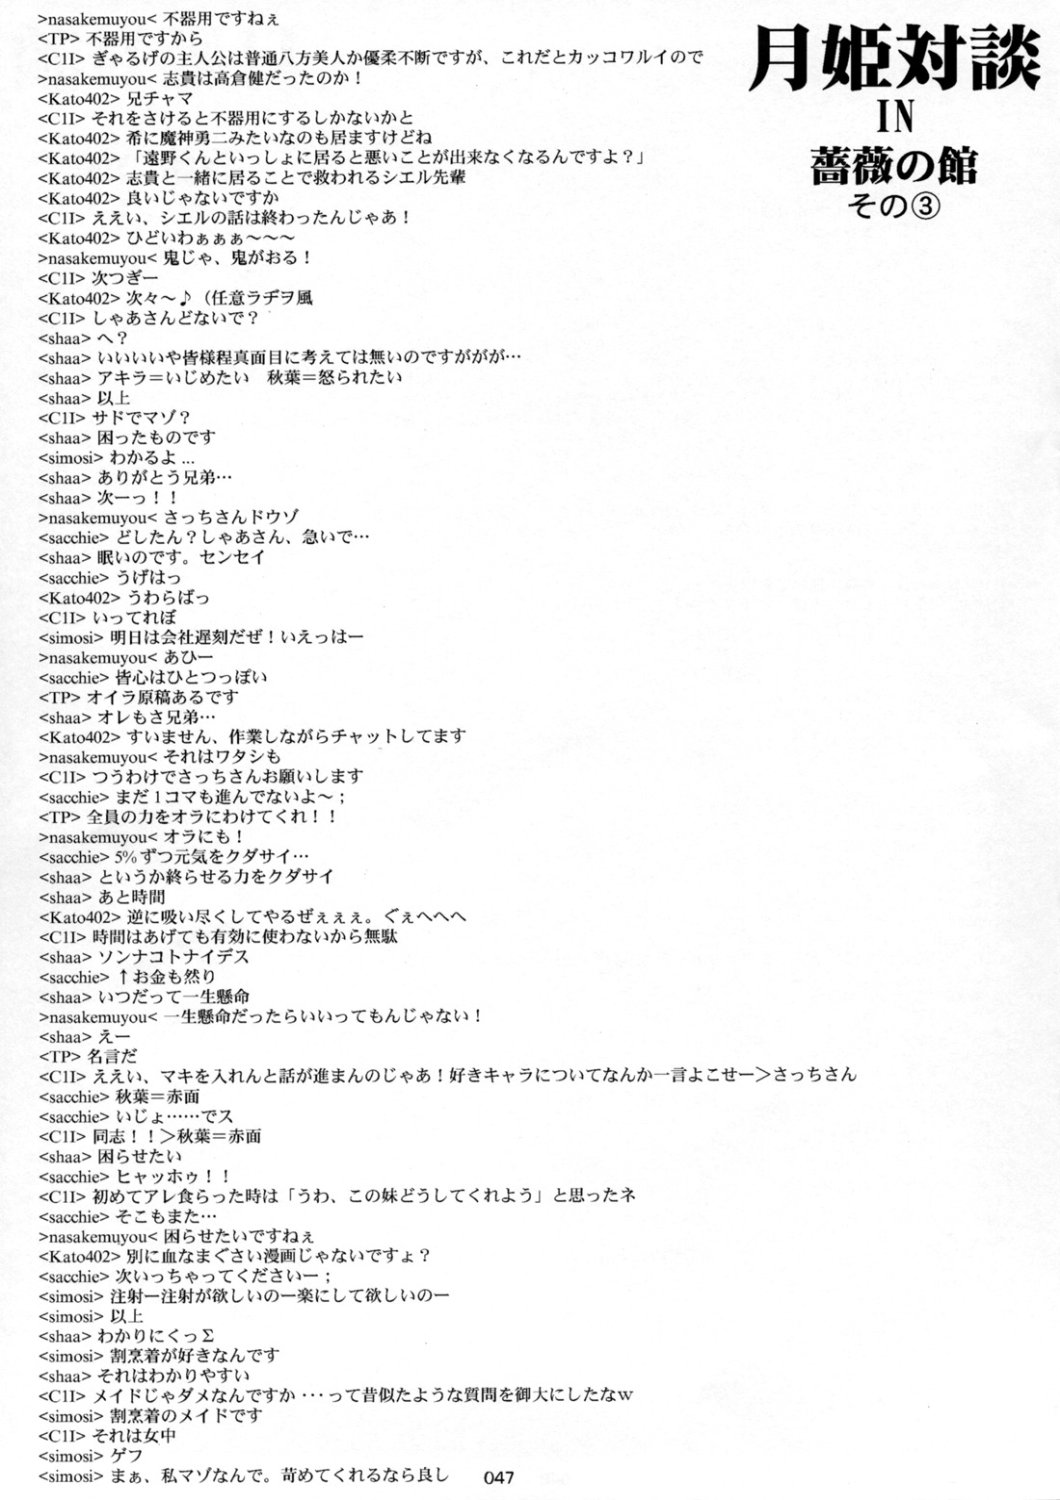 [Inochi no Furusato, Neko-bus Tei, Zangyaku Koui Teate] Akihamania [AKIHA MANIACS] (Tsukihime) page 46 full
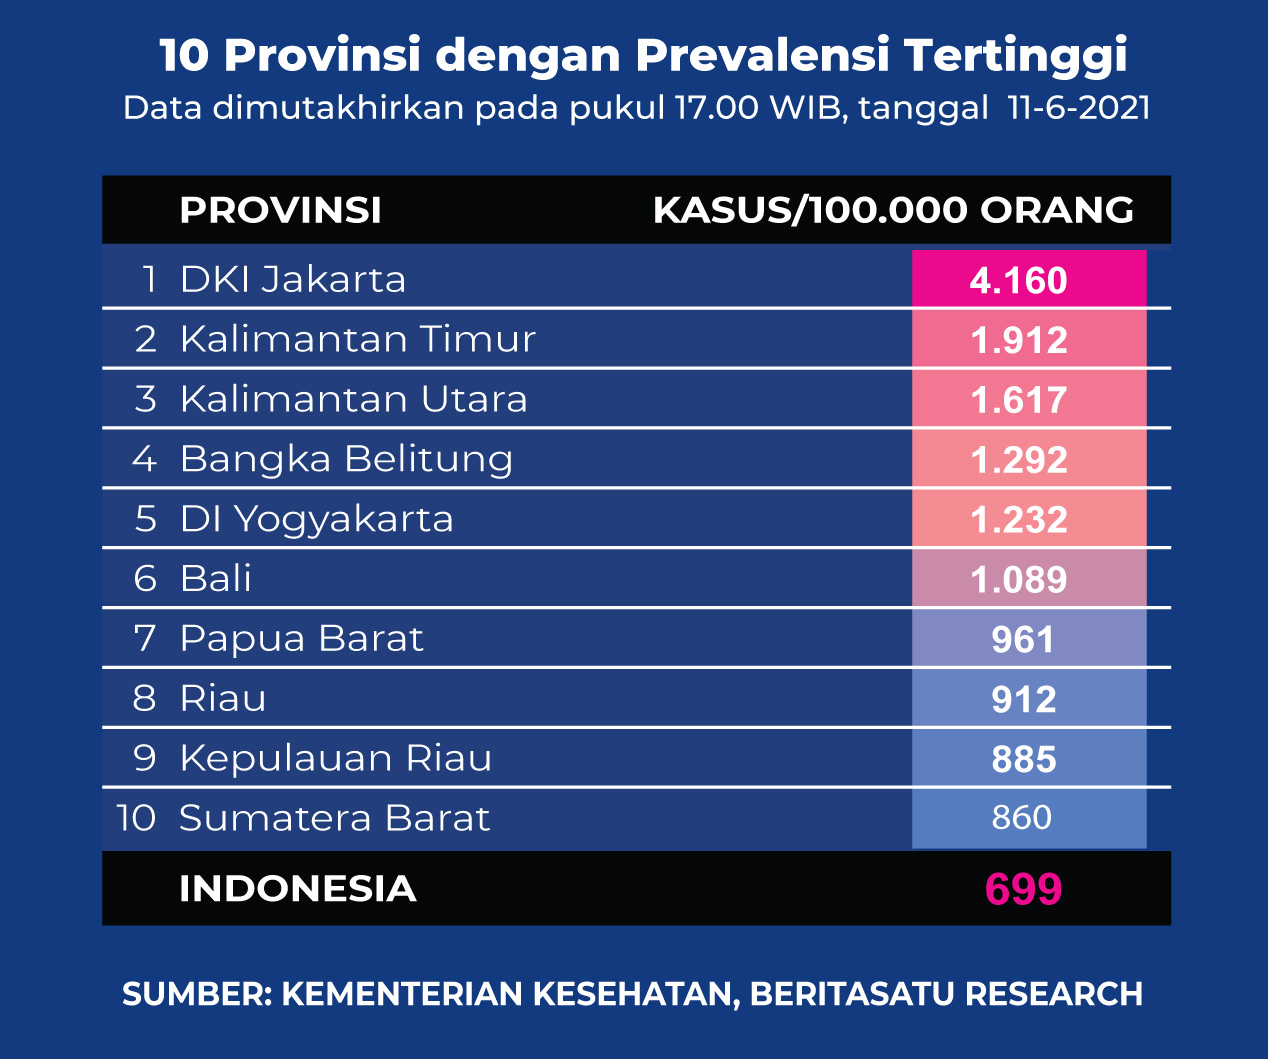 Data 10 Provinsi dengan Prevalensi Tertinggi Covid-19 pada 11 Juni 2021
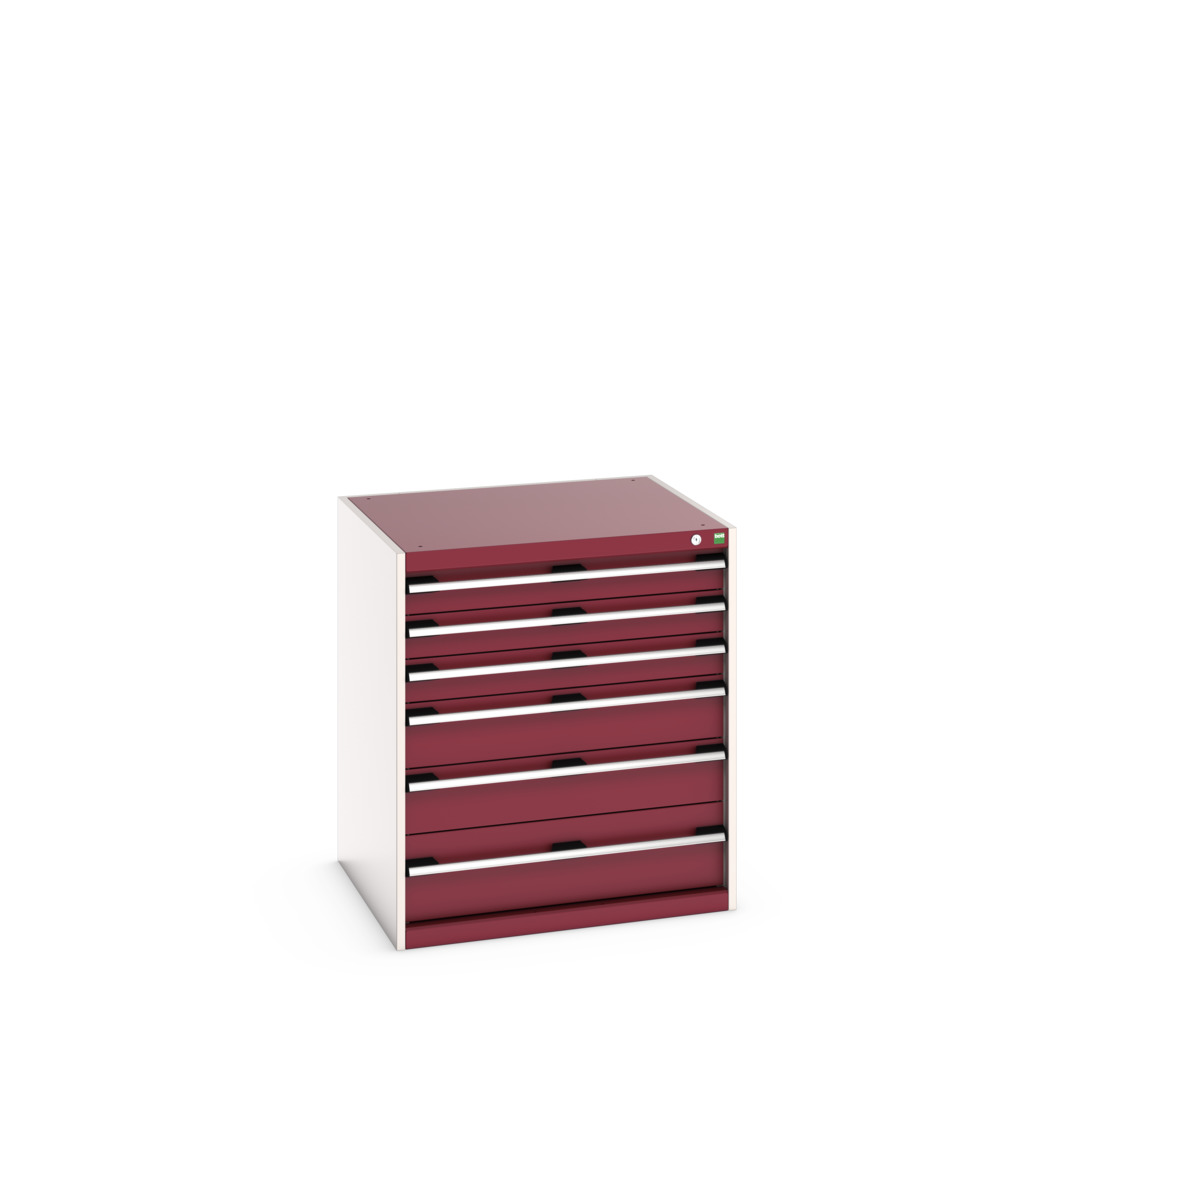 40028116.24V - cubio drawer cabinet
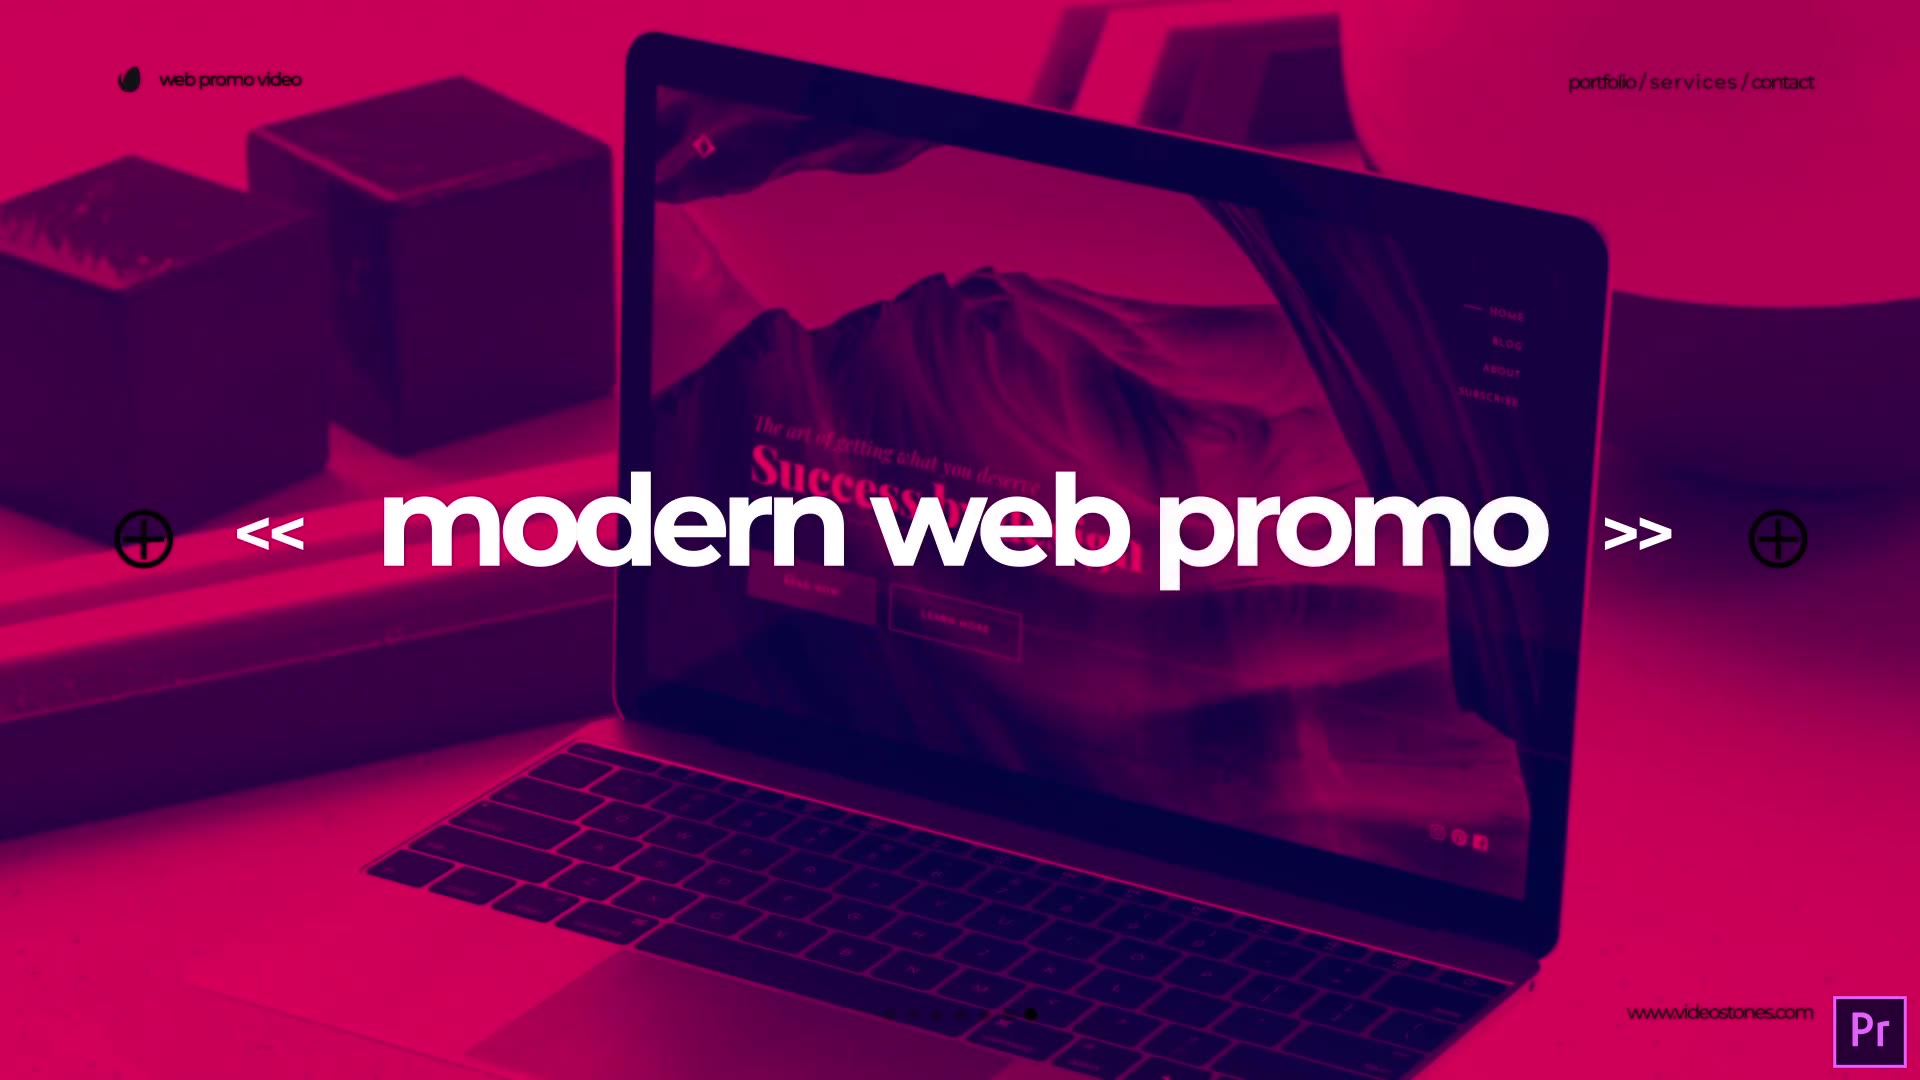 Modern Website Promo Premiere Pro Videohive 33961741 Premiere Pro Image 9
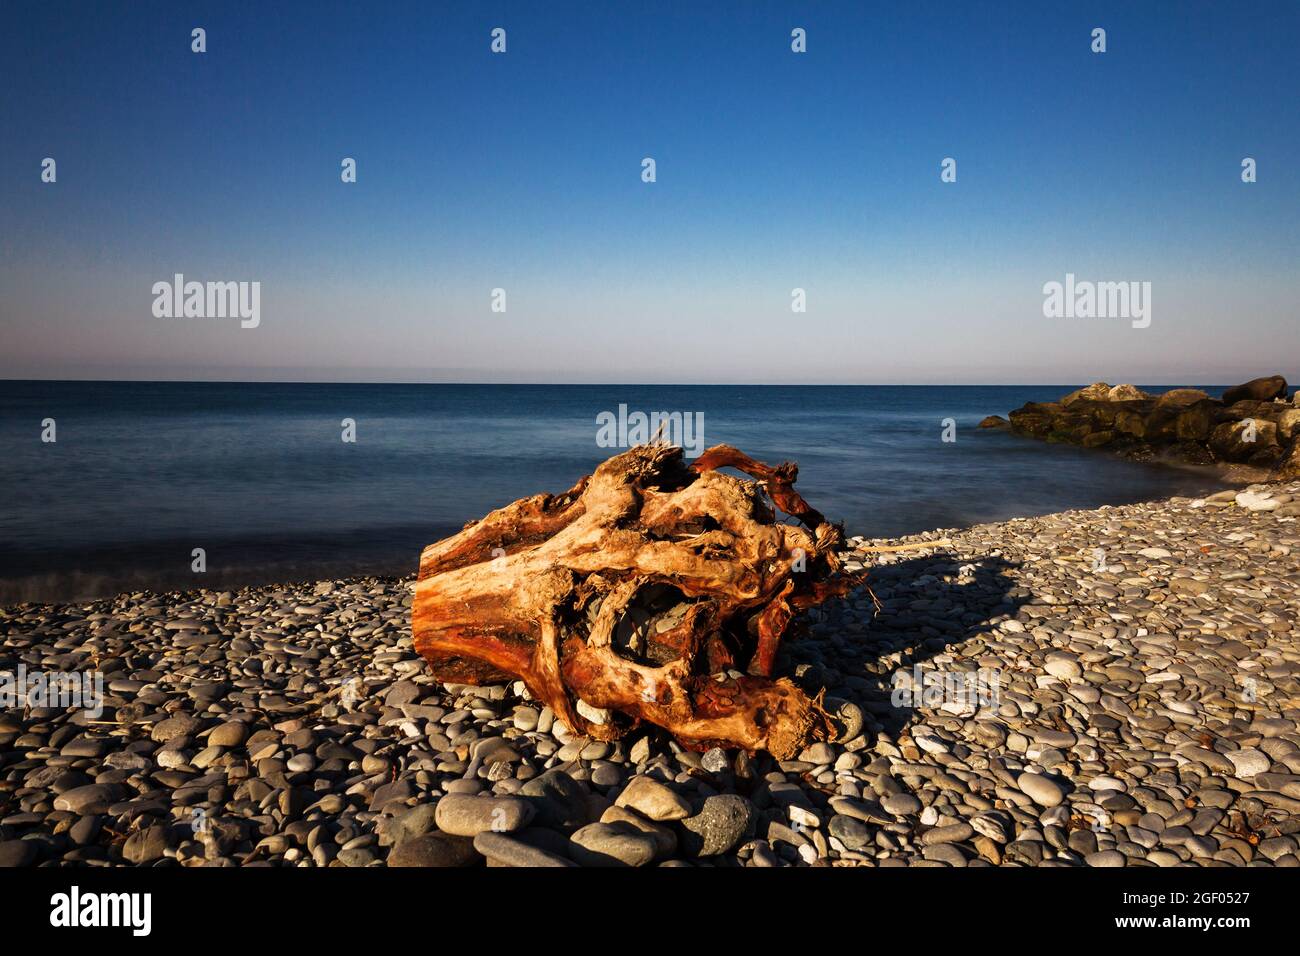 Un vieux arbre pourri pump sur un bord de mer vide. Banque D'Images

ABOUT THIS TASK
Word for word, retype the lines from the one that contains "40028116.24V - cubio drawer cabinet" through the final line of the data, both ends included, excluding pictures.

RESPONSE
 40028116.24V - cubio drawer cabinet
 Modern Website Promo Premiere Pro Videohive 33961741 Premiere Pro Image 9
 Un vieux arbre pourri pump sur un bord de mer vide. Banque D'Images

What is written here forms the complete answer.